# Task objective:
Print the lines in the listing below that fall between the line with "Thermometer goal download." and the line with "Buy stock photo", those two lines included, exactly as they stand and with nothing else.
:: Data for processing ::
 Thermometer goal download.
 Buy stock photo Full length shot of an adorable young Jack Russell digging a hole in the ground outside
:::
:: Data for processing ::
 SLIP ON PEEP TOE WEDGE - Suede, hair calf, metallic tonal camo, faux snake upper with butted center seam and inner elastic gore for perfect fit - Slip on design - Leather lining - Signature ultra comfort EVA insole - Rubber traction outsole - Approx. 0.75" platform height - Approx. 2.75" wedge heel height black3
:::
:: Data for processing ::
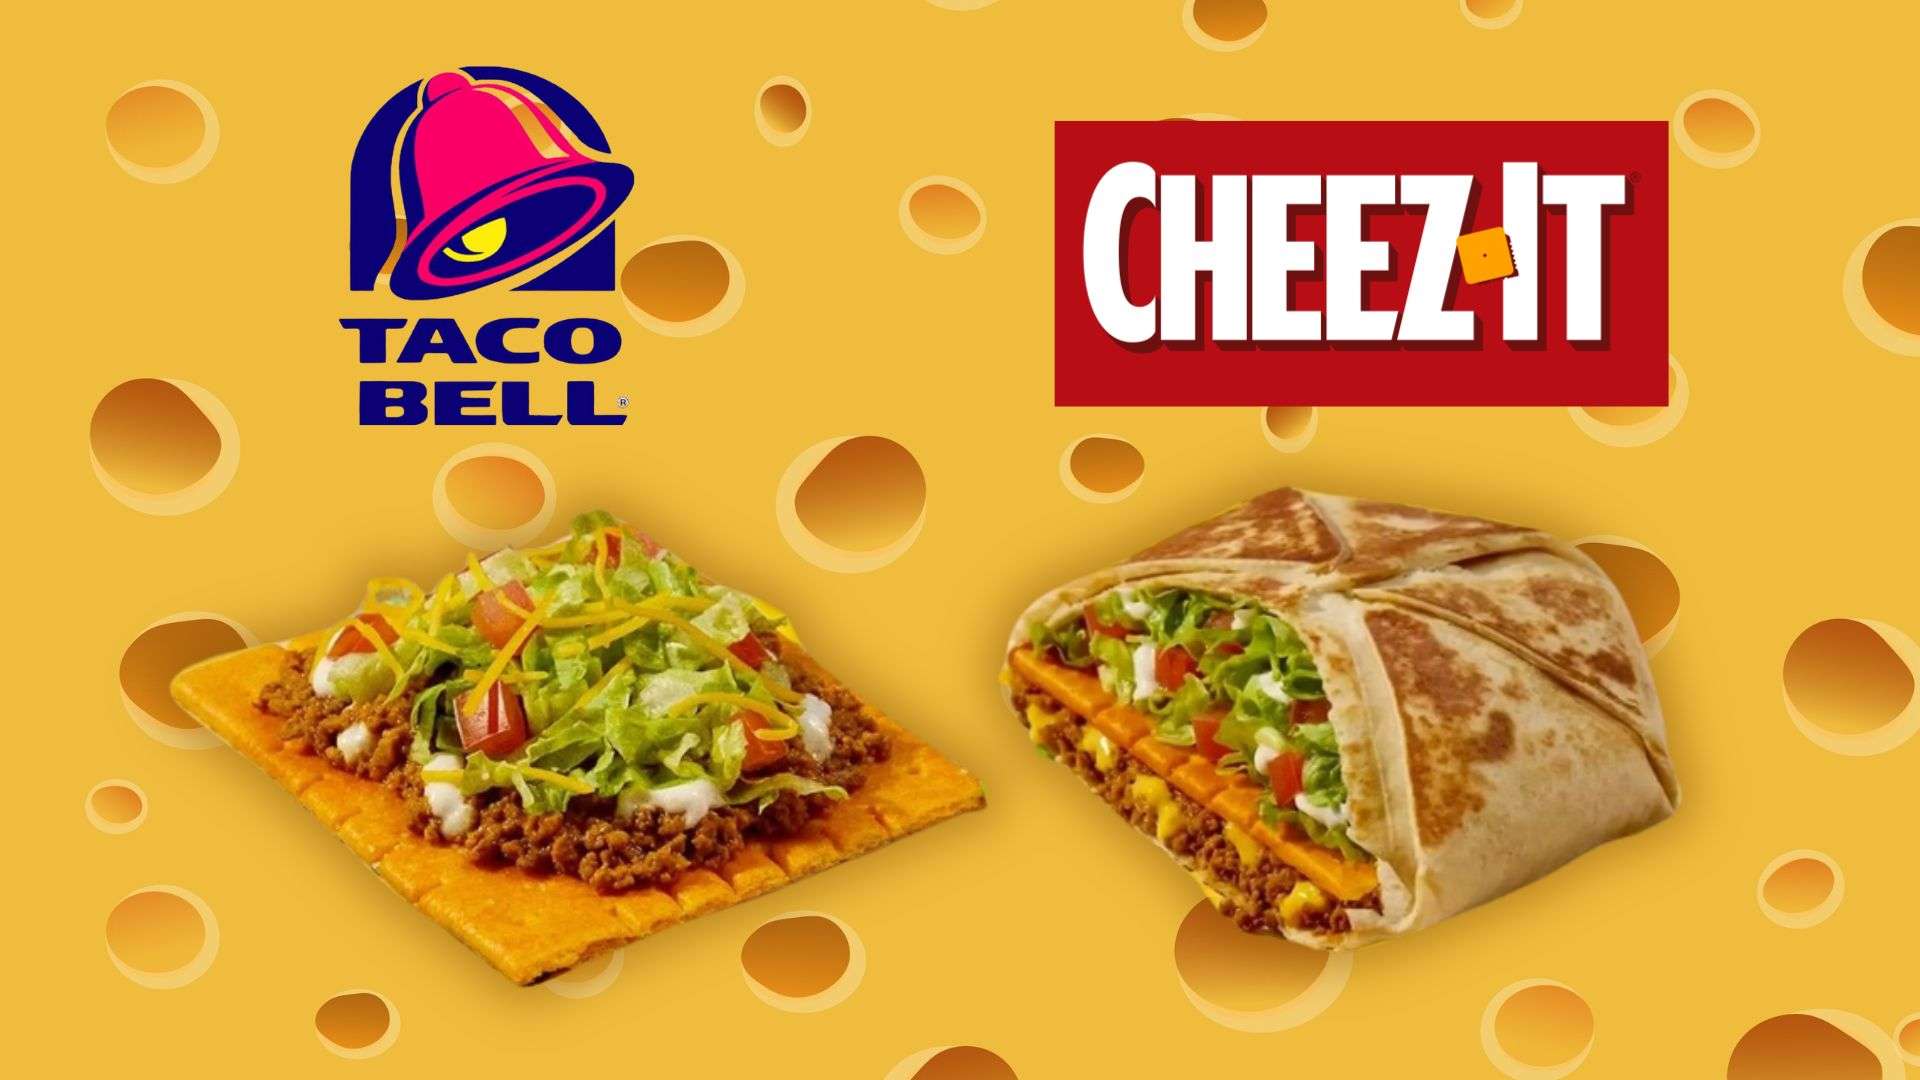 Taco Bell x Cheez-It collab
:::
# Result of the exercise:
 Thermometer goal download.
 Buy stock photo Full length shot of an adorable young Jack Russell digging a hole in the ground outside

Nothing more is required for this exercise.